И чем ближе подъезжал Синика к Одессе, тем больше беспокоился о больной. В Одессе он поместил ее у знакомых, а сам снова принялся за дела. Он повертелся вокруг «рая», разузнал, что Иннокентий в Соловецком монастыре, расспросил, кто из райских мужей остался с ним, а кто в Липецком, и окончательно осел в Одессе, чтобы, отдохнув, снова начать мстить Иннокентию.
18
Арест Иннокентия, суд в Петрозаводске и ссылка его в Соловецкий монастырь, а больше всего его декларация, словно громом, поразили «раян». К этому времени «рай», который назывался Гефсиманским садом, был оборудован как громадный подземный монастырь.
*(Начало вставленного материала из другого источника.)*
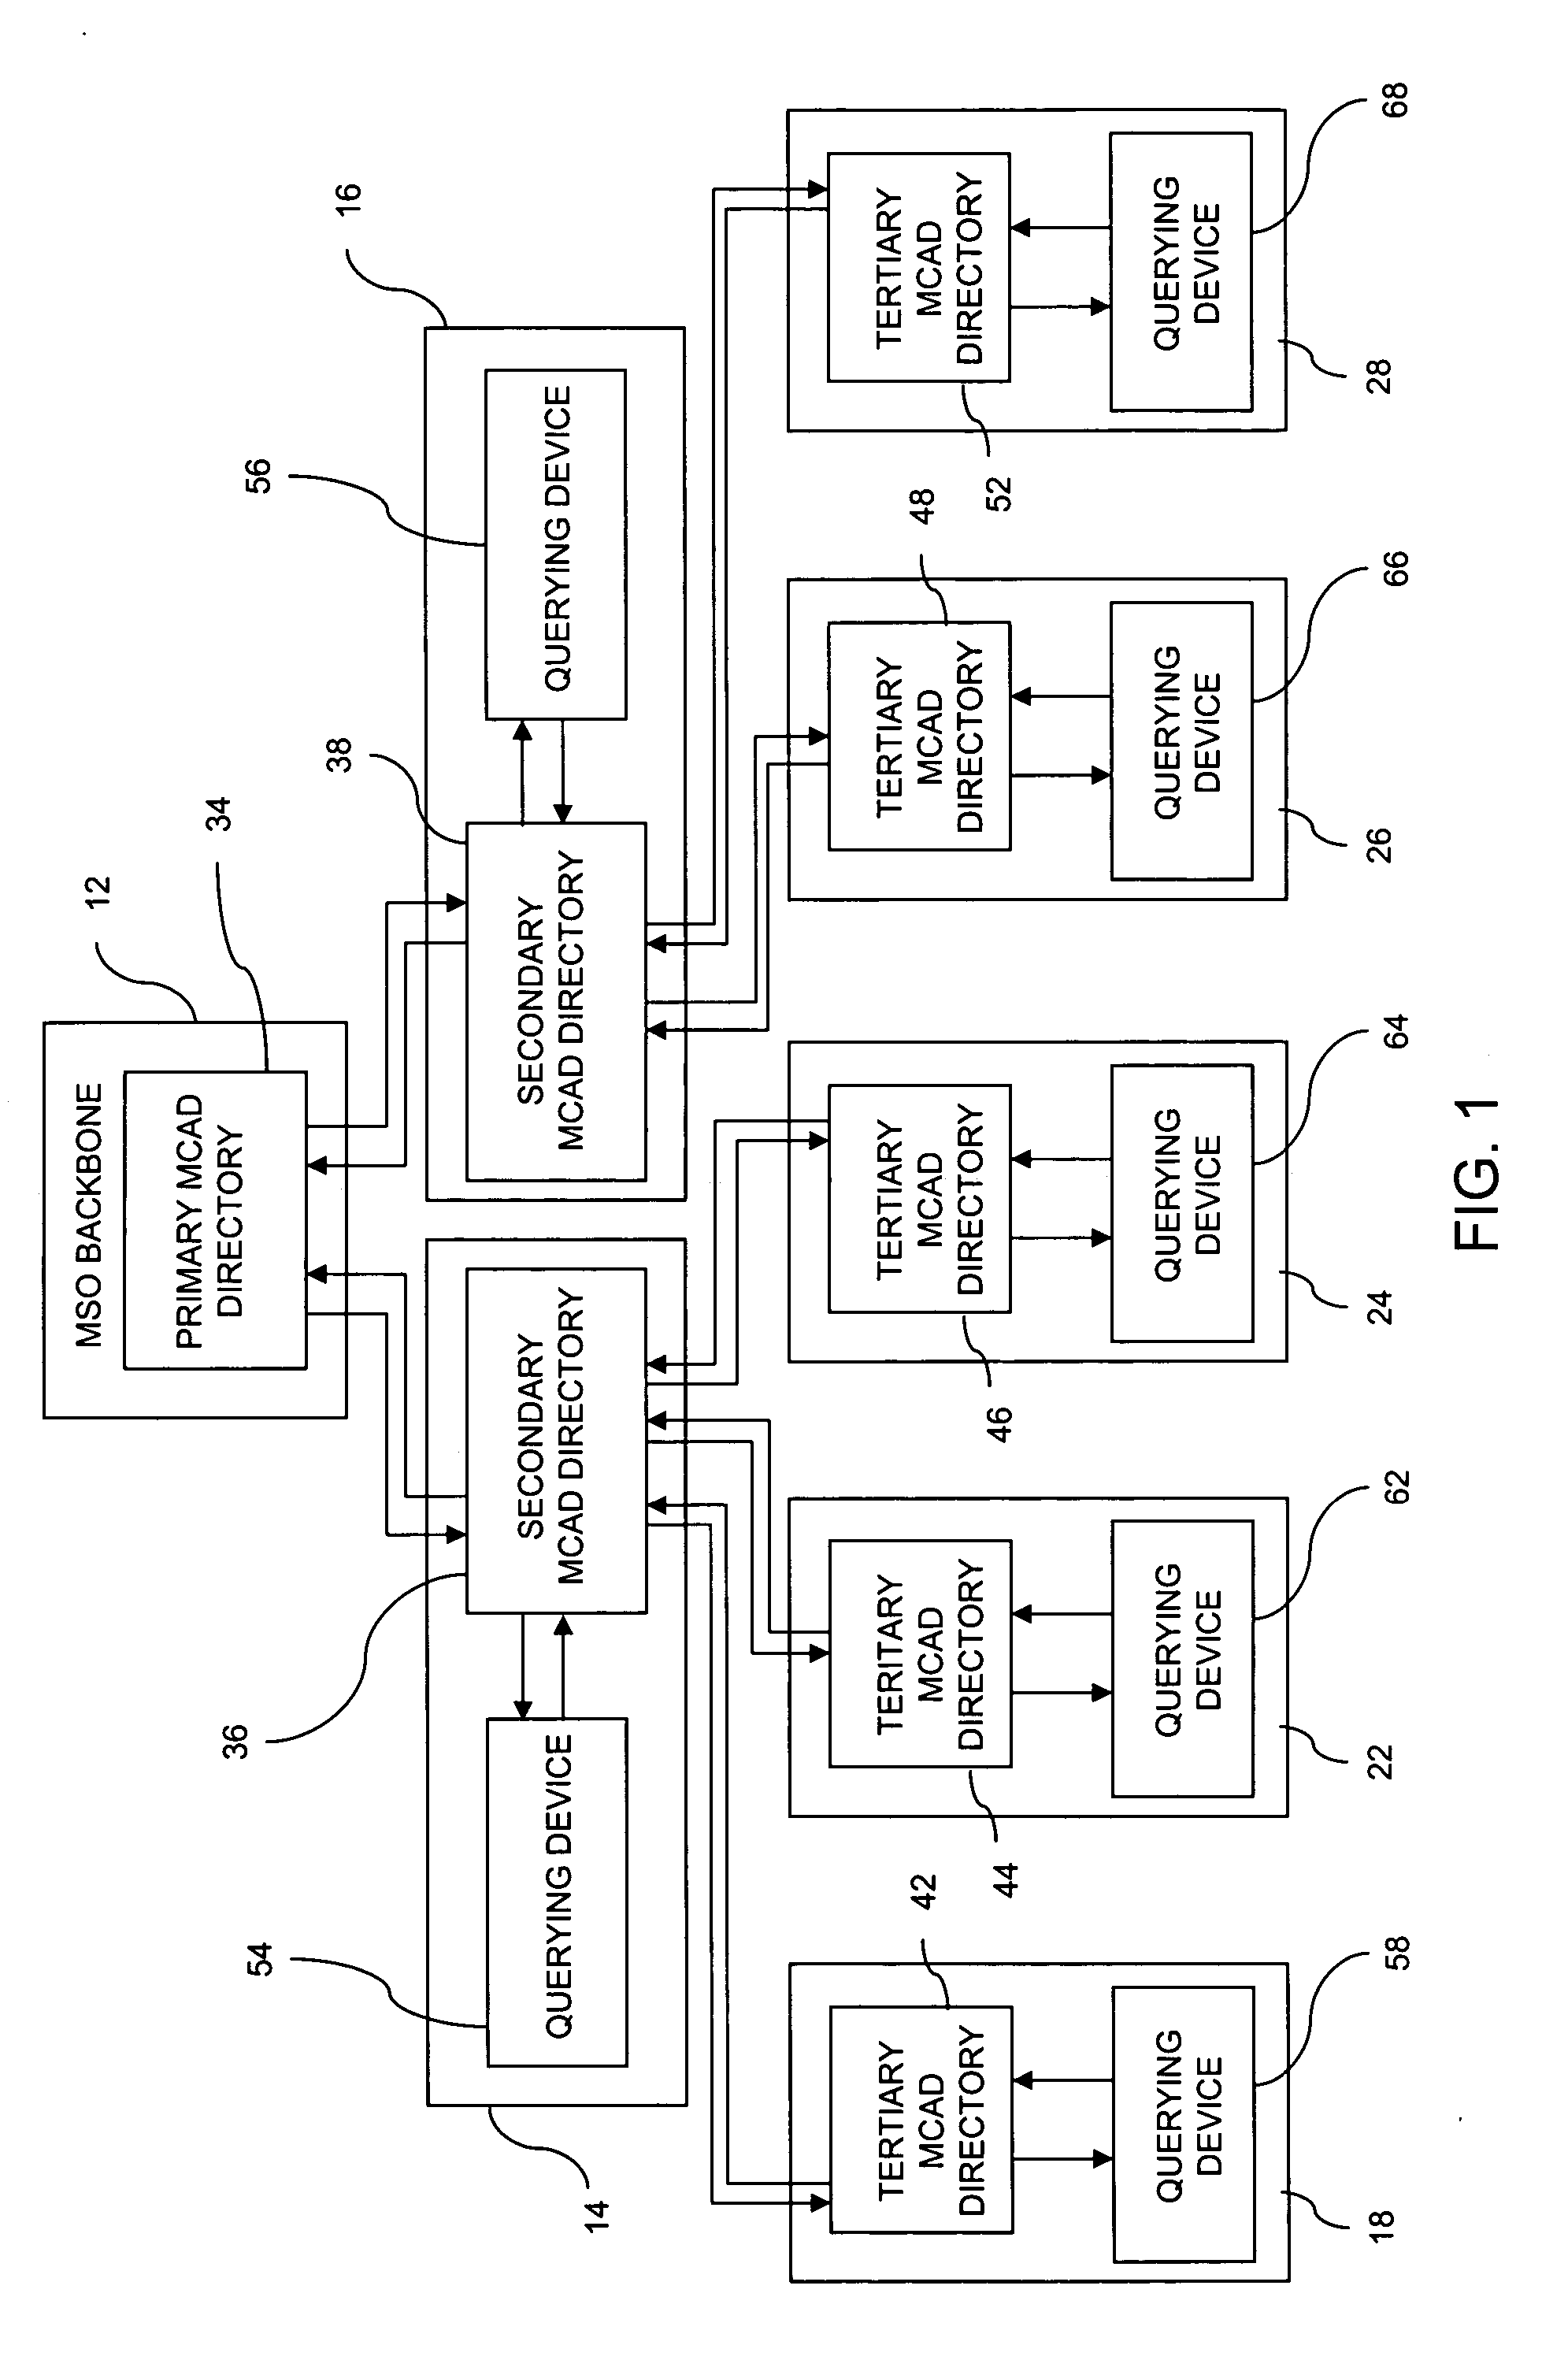 IP multicast management and service provision system and method

Число пещер увеличилось, они протянулись под землей на два с половиной километра в длину и на полтора в ширину. Построенные в два этажа, они могли вместить восемь тысяч человек. Правил монастырем брат Иннокентия Семеон, который стал настоящим подземным князем: множество слуг, большие доходы, за счет которых он окончательно уладил дела с балтской и ананьевской властями. Он уже мечтал расширить влияние Гефсиманского сада и дальше на Бессарабию — основать свой собственный монастырь, за которым бы присматривал младший брат Марк. Случившееся с Иннокентием разрушило его планы. Теперь нужно было выручать Иннокентия, на котором держалась и его собственная власть над тысячами темных, обманутых людей. Он понимал, что разгром Иннокентия в Петрозаводске мог привести к переменам и здесь, мог заставить Станислава Эдуардовича быть не столь снисходительным по отношению к Гефсиманскому саду, как до сих пор. Поэтому-то он в первую очередь перевел богоматери Софии солидную сумму на киевский банк и просил ее не приезжать в Липецкое, а оставаться в Киеве. Сам же немедленно отправился к отцу Амвросию за советом. Трусливо спросил: закрывать монастырь или нет?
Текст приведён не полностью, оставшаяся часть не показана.